Even if everyone did somehow manage to agree on a definition of “done”, when a disaster strikes, nobody’s going to want to hear (or even say) “But we were done testing!” when someone wants to know how that bug made it into production.

As the session continued, there were some in the room who shared stories of how they were increasing coverage with continuous testing, “shifting left”, utilizing cloud-based dev/test resources—and I hope these stories helped inspire some of those who knew the challenge ahead of them back home.

As I read back over this recap, I realize I’ve made it sound like the session was some fire and brimstone sermon meant to scare us all into fleeing back to our offices and never seeing free time or our families ever again, but that’s far from the case.
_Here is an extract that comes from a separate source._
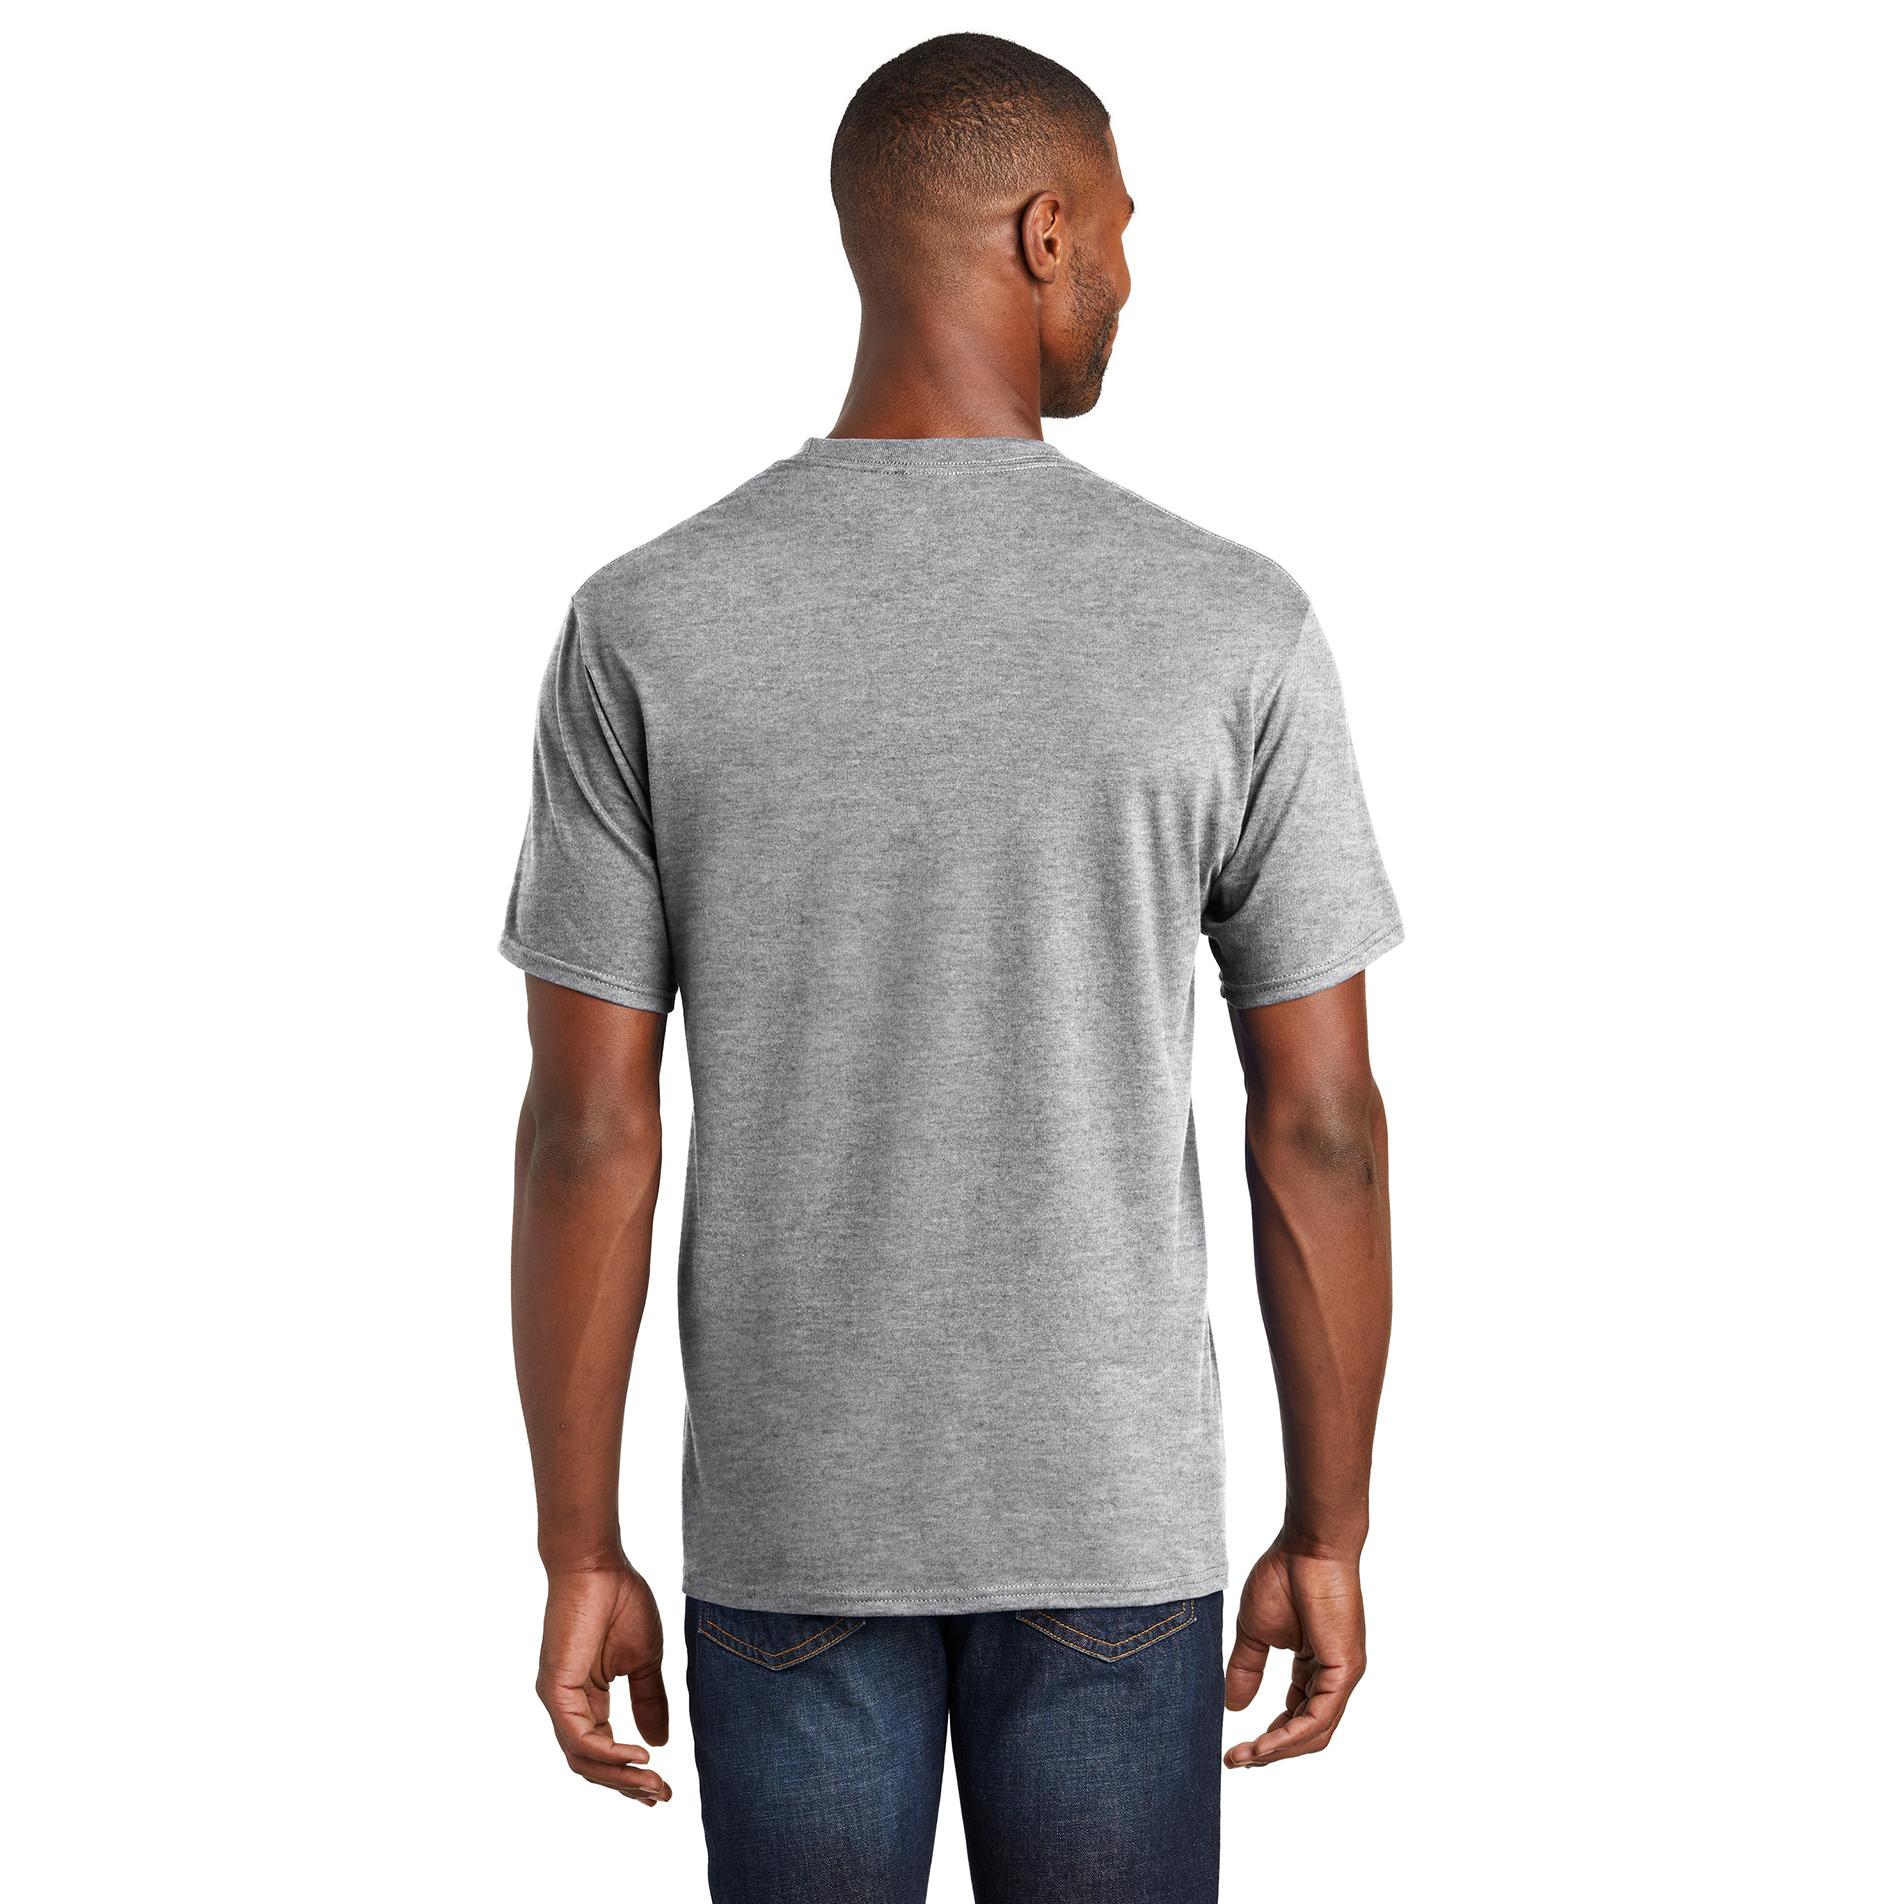 | Fan Tee Athletic PC450 Source Company Full Port - & Heather Favorite

Everyone got the message without being beaten over the head, it applied to every software industry in the world, there was loads of involvement from the audience, and Ariola almost managed to go the entire session without namedropping or pitching his own company’s wares a single time—something I’ve literally never seen done during a vendor presentation.

During the Q&A portion at the end, one attendee excitedly asked, pen and paper in hand, “Do you have any service virtualization, test automation, or continuous testing tools that you would recommend?”

And after a chuckle, he had no choice but to suggest Parasoft as a great option for her, and the laughter and applause from the crowd proved that he’d definitely earned the plug.